REQUIRED WORK:
From the line with "Piso en venta" down to the final line of the material, please transcribe everything exactly, but leave the pictures out.

PROVIDED MATERIAL:

*** Block opens ***

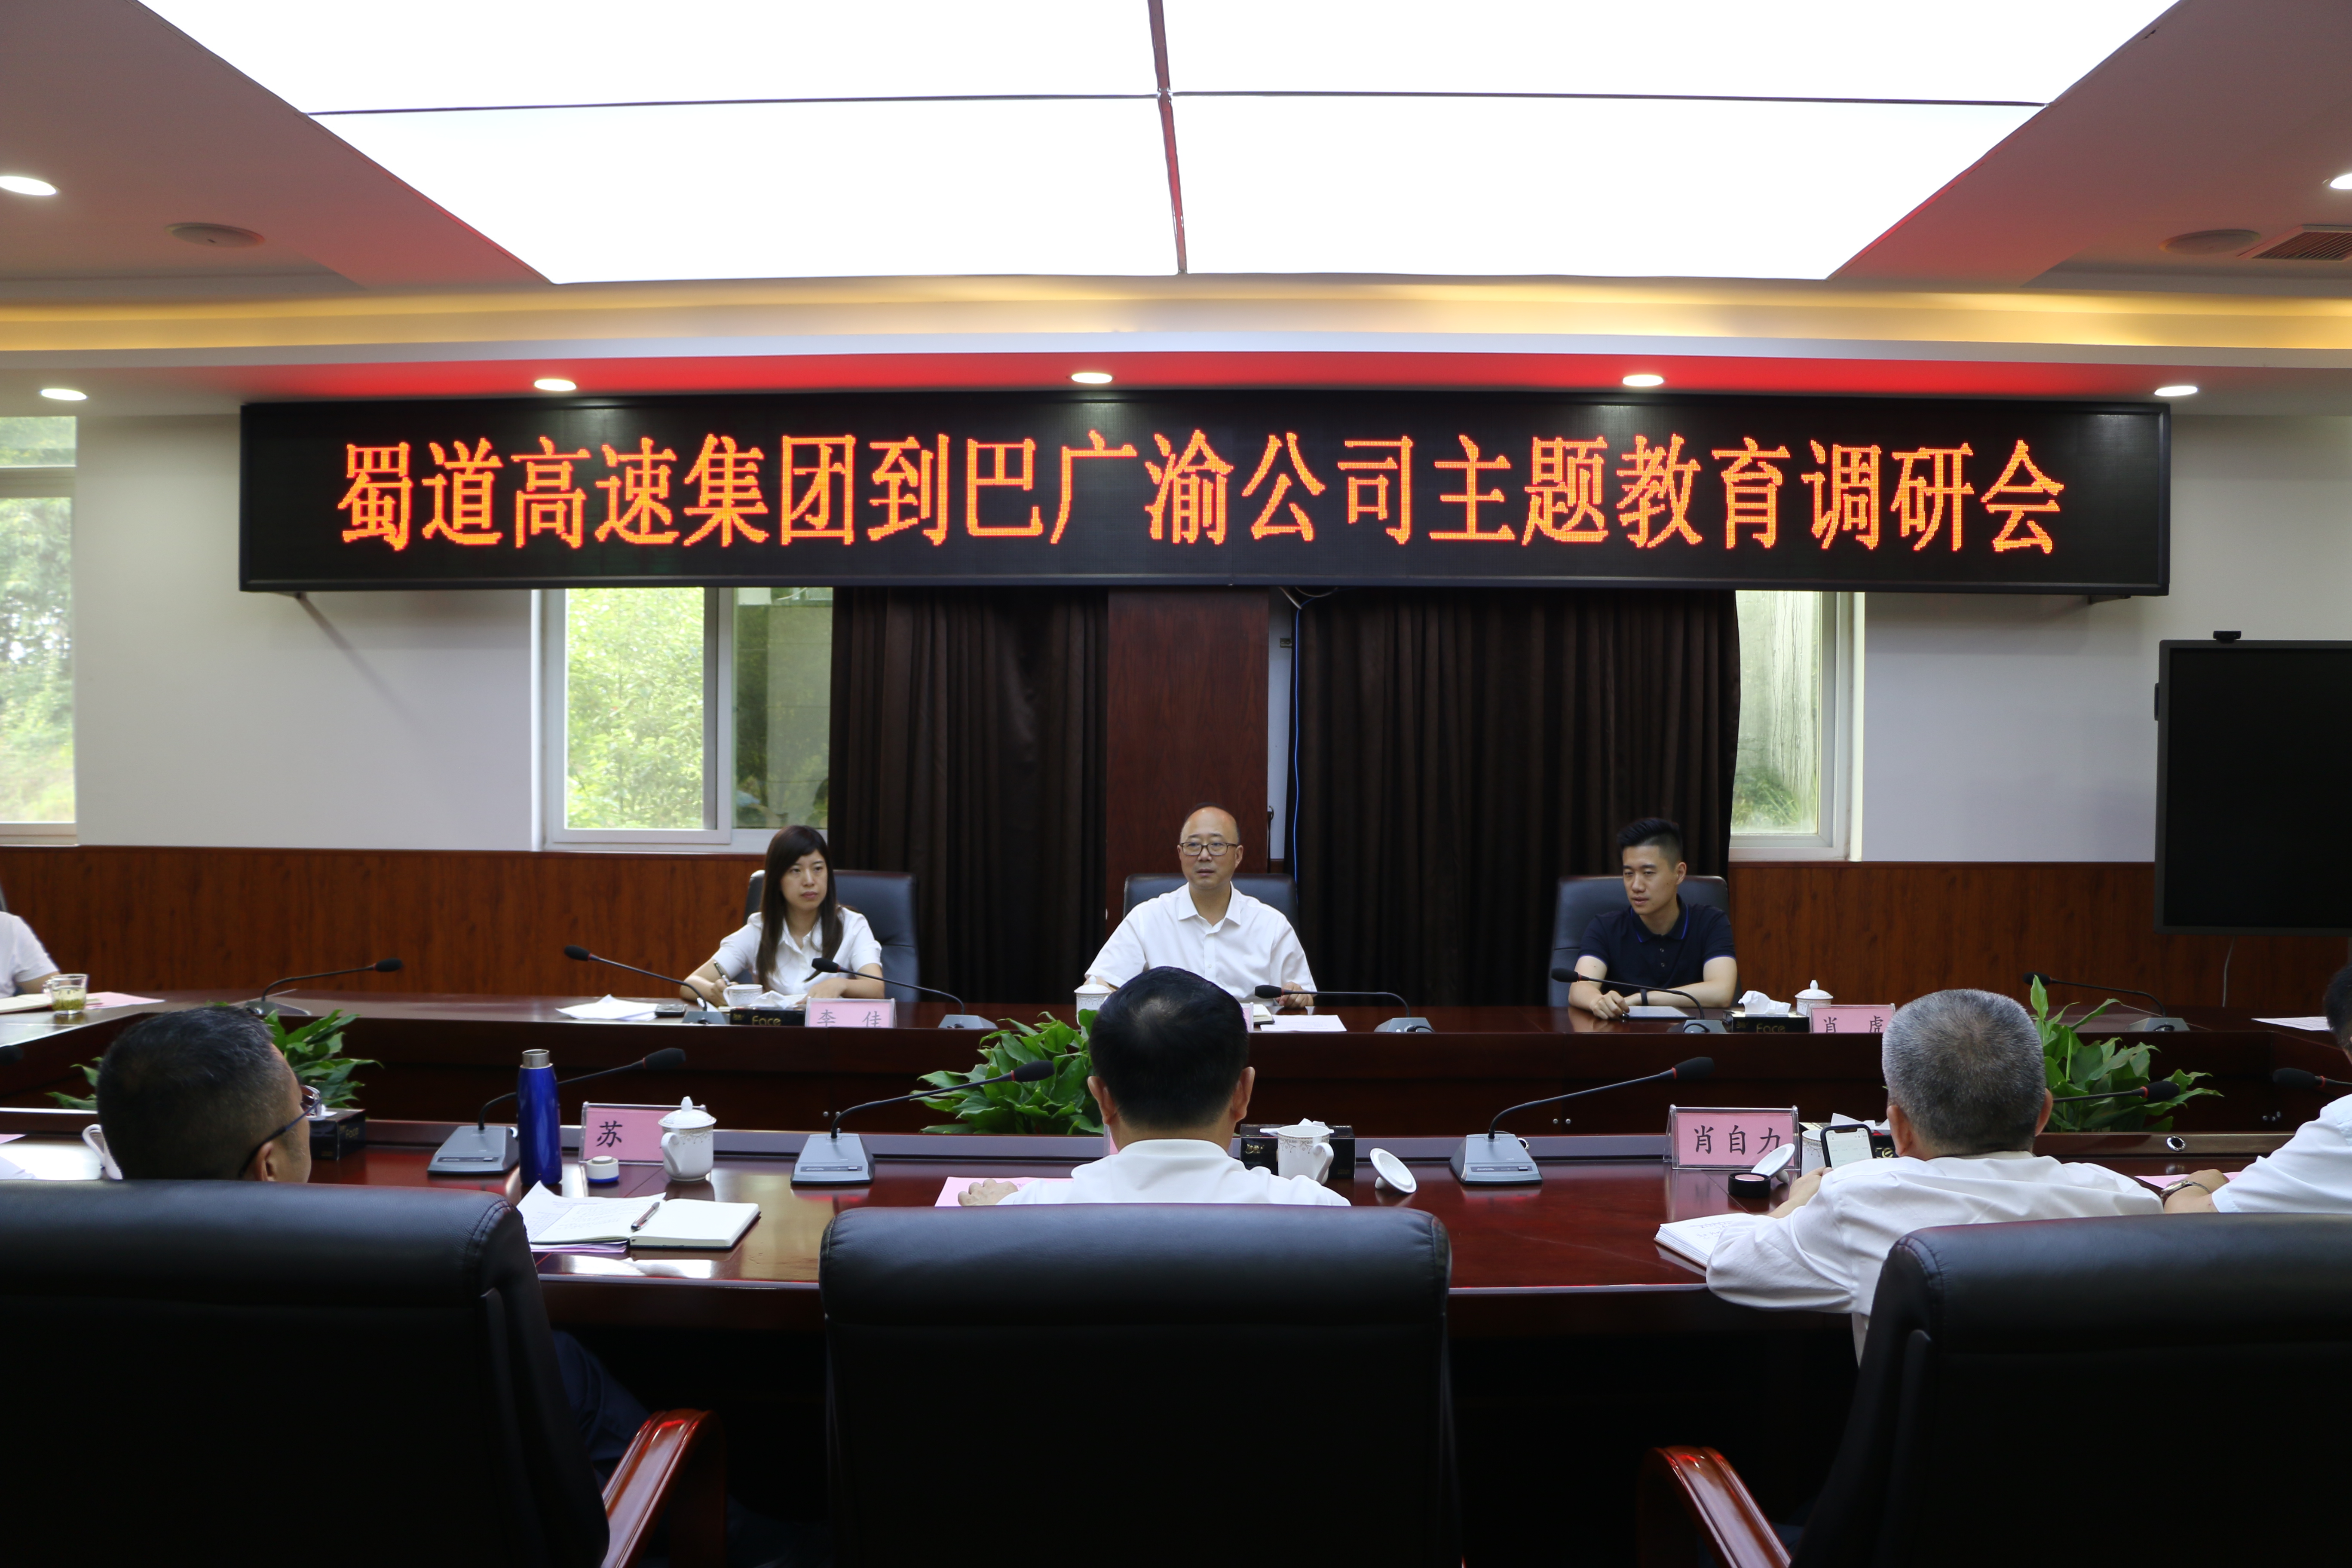 蜀道高速集团副总经理鲜峻岭一行到巴广渝公司开展主题教育调研
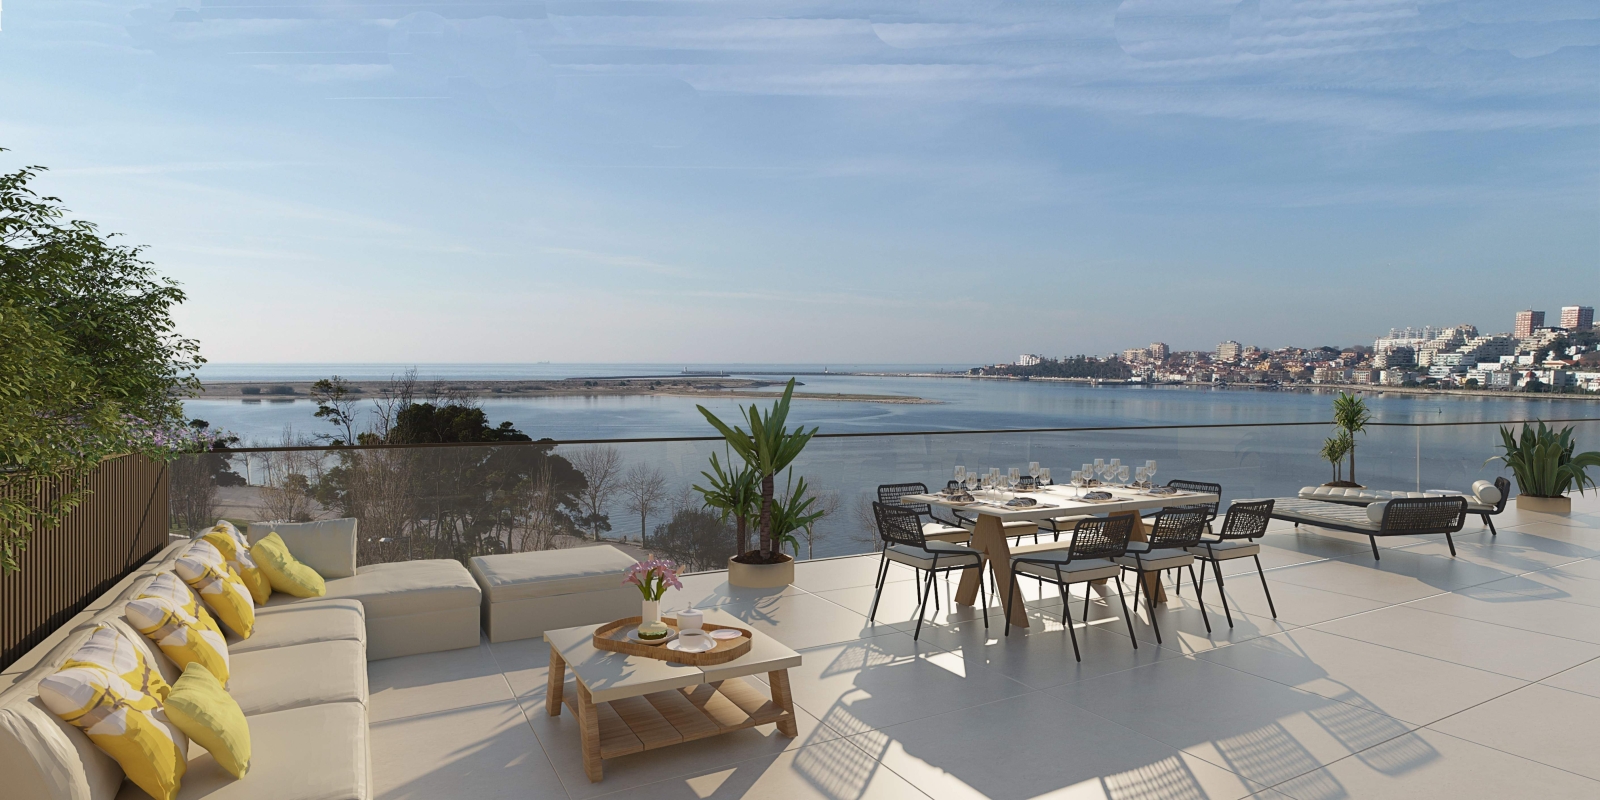 Piso en venta con terraza, en exclusivo condominio, V. N. Gaia, Porto, Portugal_175971
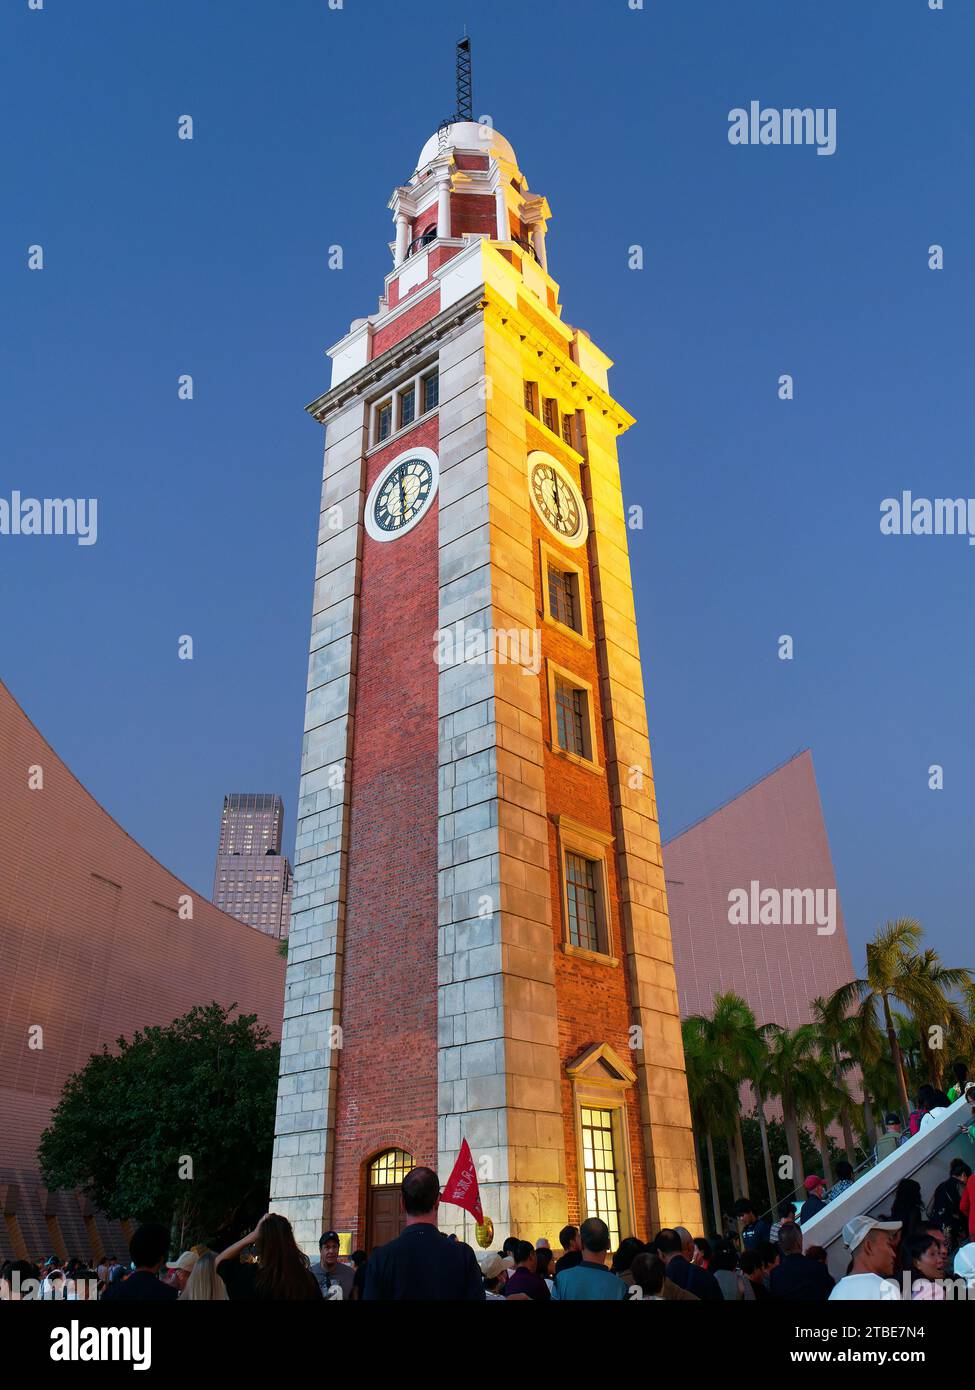 Regardant vers le haut la vieille tour de l'horloge de la gare de Kowloon à Hong Kong au crépuscule Banque D'Images
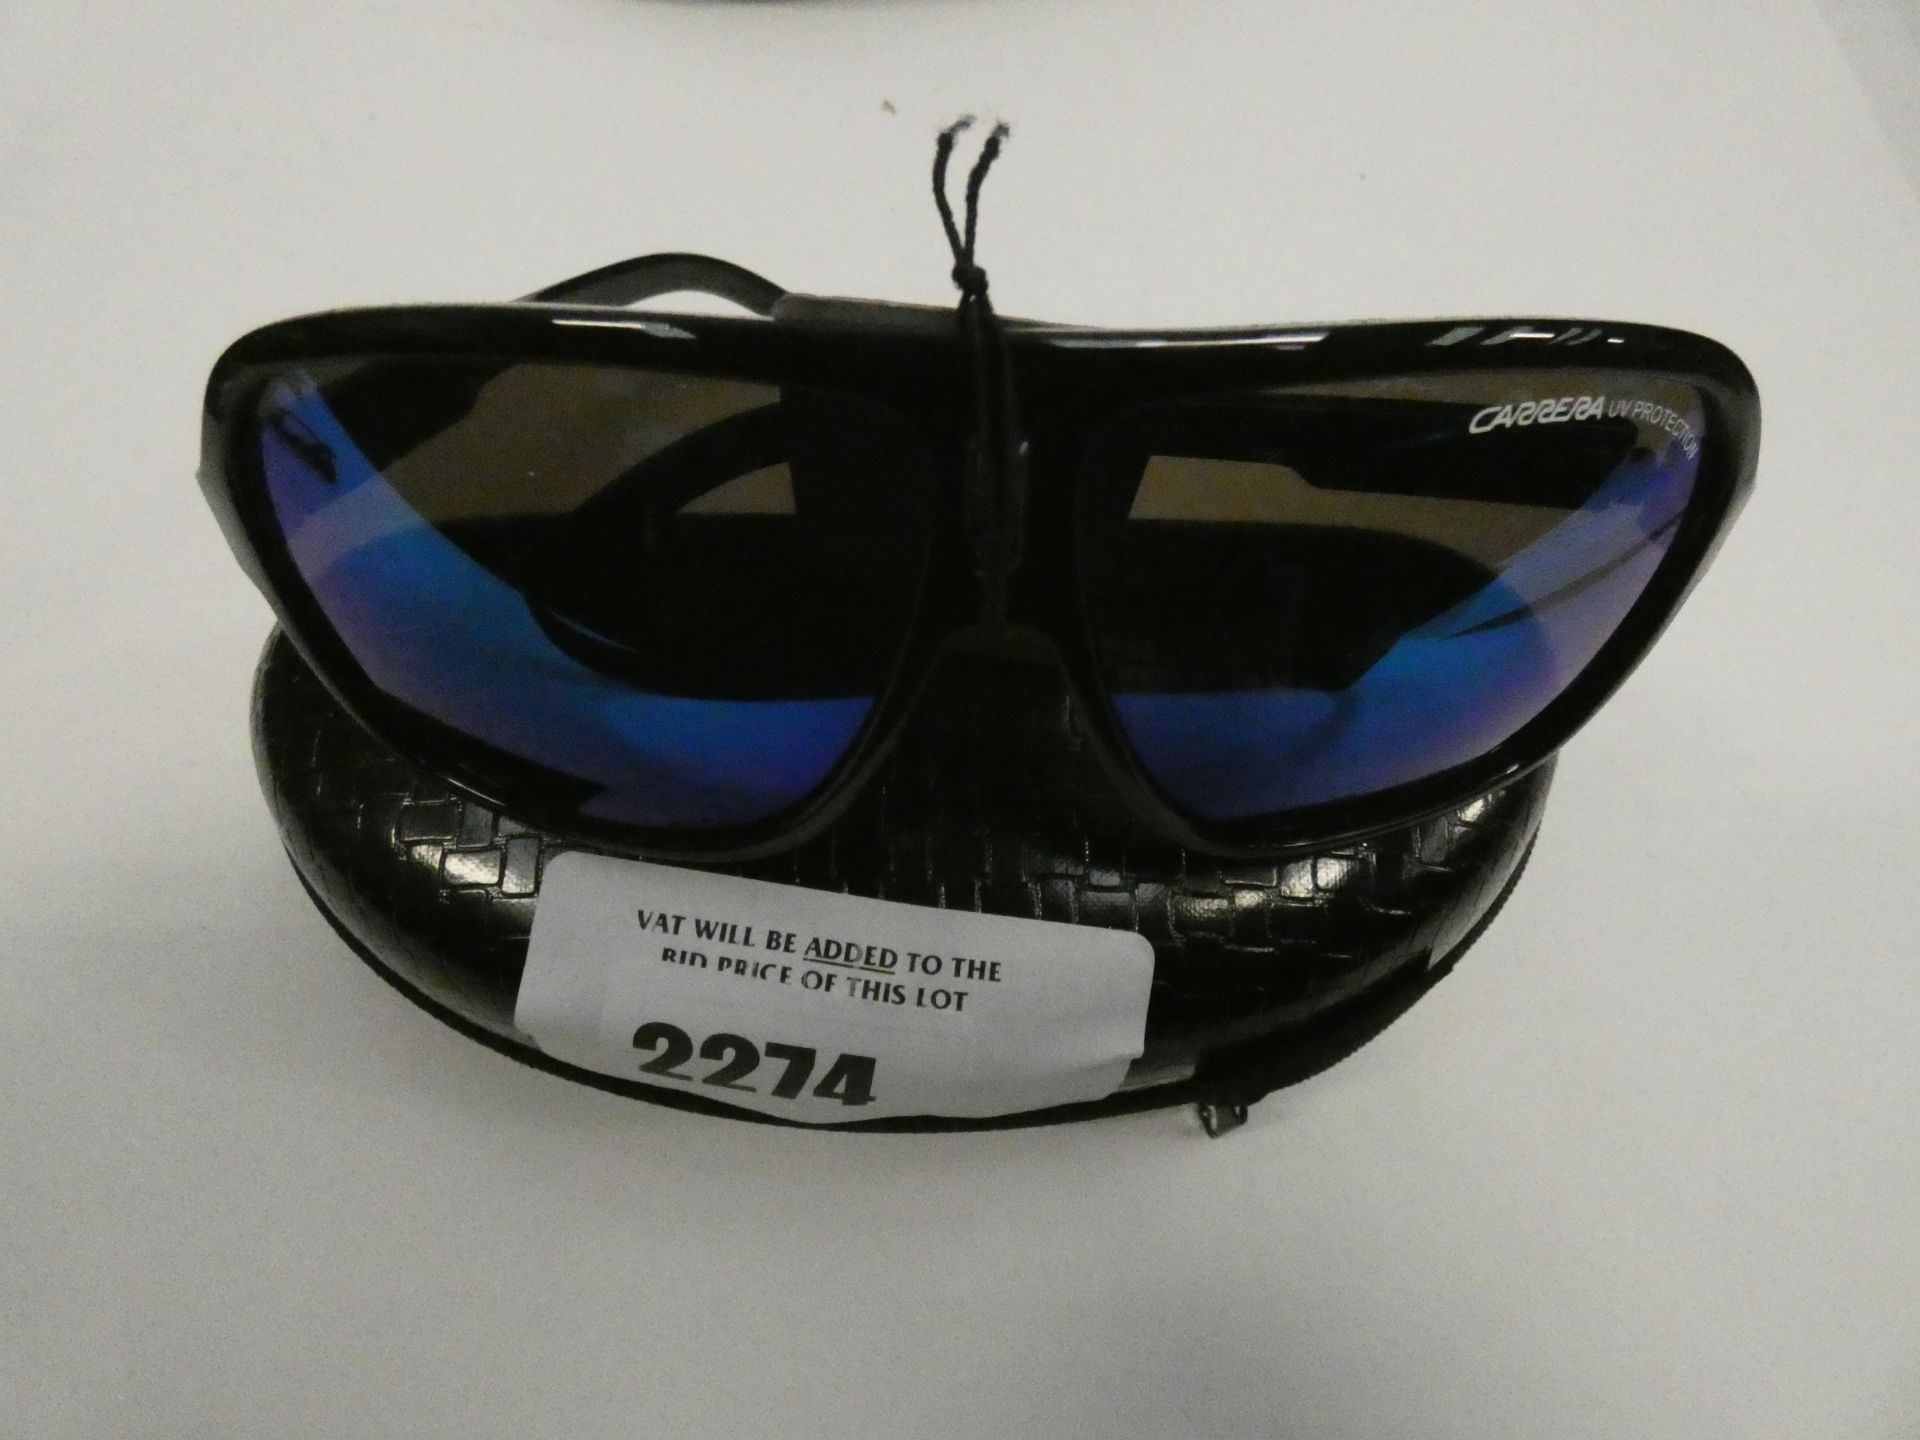 Pair of Carrera sunglasses in case

*** Block closes ***

OUTPUT FOR THIS TASK:
 Piso en venta con terraza, en exclusivo condominio, V. N. Gaia, Porto, Portugal_175971
 Regardant vers le haut la vieille tour de l'horloge de la gare de Kowloon à Hong Kong au crépuscule Banque D'Images
 Pair of Carrera sunglasses in case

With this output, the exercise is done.